【新刊】梁英聖(リャン・ヨンソン)著、キム・ソンミ訳『嫌悪表現はなぜ在日朝鮮人を狙うのか』(山のように社)

 「朝鮮人は出ていくべきゴキブリ」「朝鮮人は首をつれ、毒を飲め、飛び降りろ」「良い韓国人だろうと悪い韓国人だろうとみんな殺せ」。1923年の関東大震災で朝鮮人が虐殺されたときのスローガンではない。2013年2月、東京・大久保で行われた嫌韓団体の街頭デモで登場した垂れ幕の文言や、参加者らの暴言だ。いくら日本が憎くても、ソウルでこんなレベルの「嫌日」デモは起きていない。実際に会ってみれば実に温和、丁寧で立派な先進国の国民だという日本の人々の間で、たとえ一部であっても、なぜこんなことが起きるのだろうか。

 「在日朝鮮人」3世でNGO(非政府組織)「反レイシズム情報センター」活動家の著者は、現在日本で起こっている憎悪表現について、人種主義と外国人排斥を公然と掲げて「遊び半分で」参加するという特徴があると分析する。にたにた笑いながら「死ね」と叫ぶ極端な反人間性や脅迫、営業妨害、傷害といった物理的暴力を伴う深刻なレベルだという。

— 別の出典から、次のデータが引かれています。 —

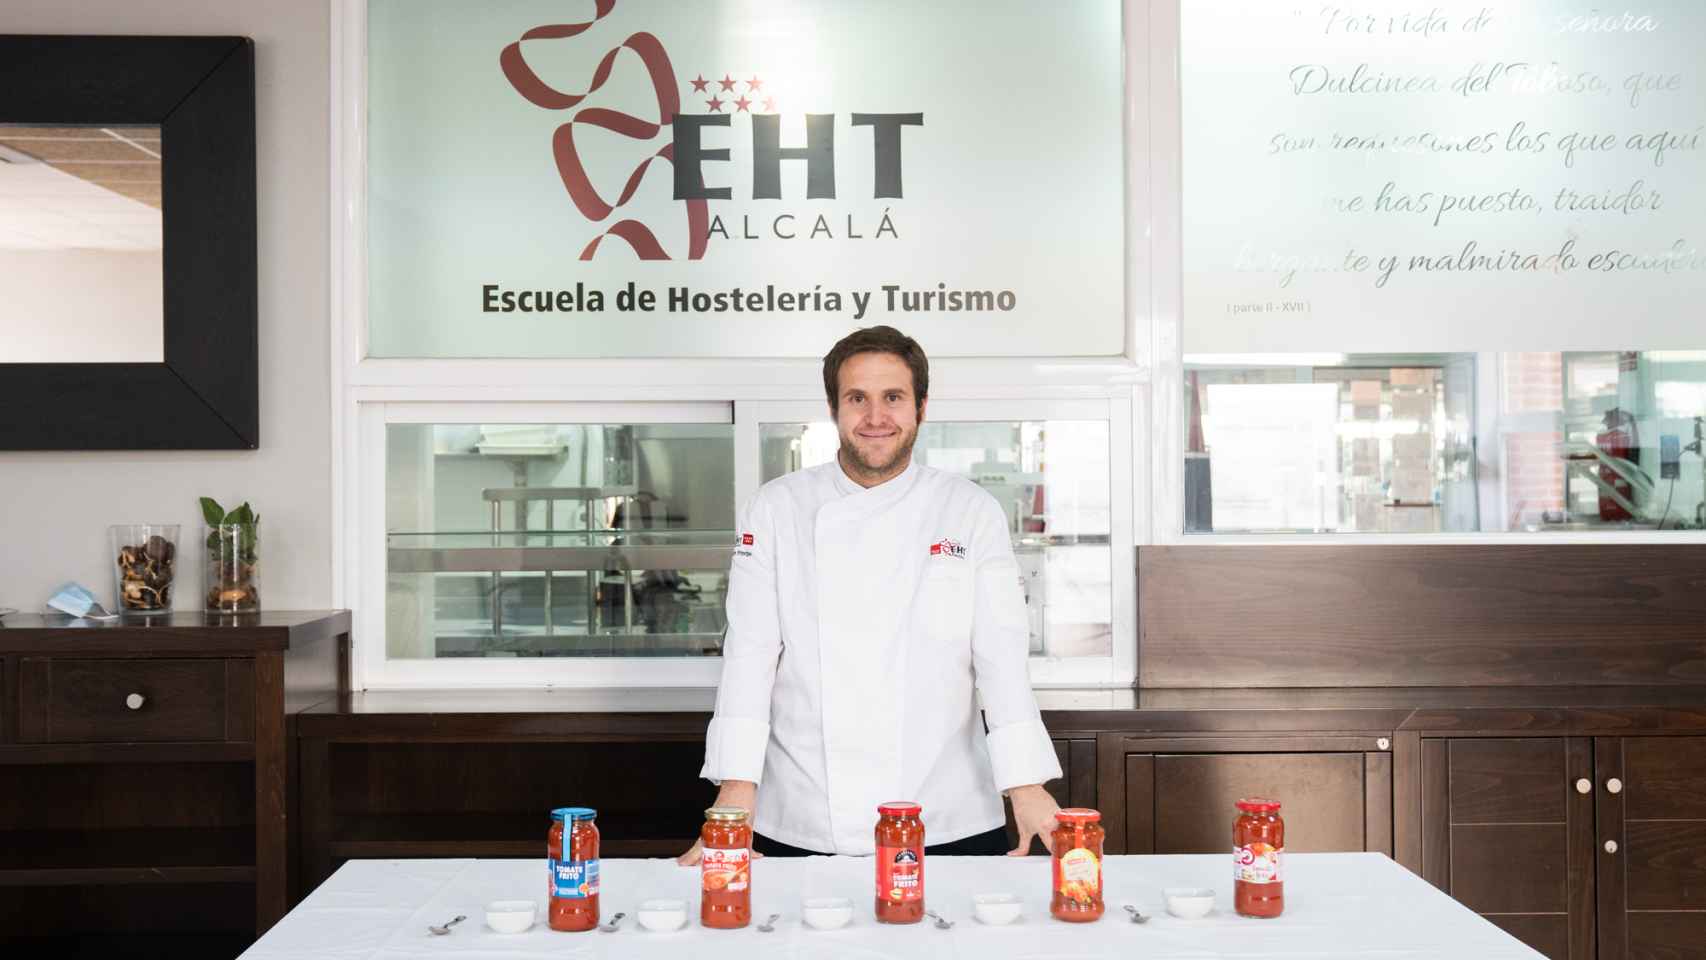 Los cinco tomates fritos probados por Rubén Príncipe, profesor de la Escuela de Hostelería y Turismo de Alcalá de Henares.

 その原因は何か? 1960-70年代に反人種主義政策の枠組みを整えた欧米とは異なり、日本では「反人種主義」という規範が欠如している。むしろ、政界では在日朝鮮人に対する差別を扇動してきた。加えて、日本軍「慰安婦」や朝鮮人強制連行、南京大虐殺といった歴史的事実に言い逃れをする「歴史否定」まで扇動している。これが日本で憎悪表現の増えている社会的要因で、人種主義によって社会と民主主義が破壊されることを防ぐためには、まさにこれらの要因の除去と是正に乗り出さなければならないと語っている。376ページ、1万8000ウォン(約1780円)。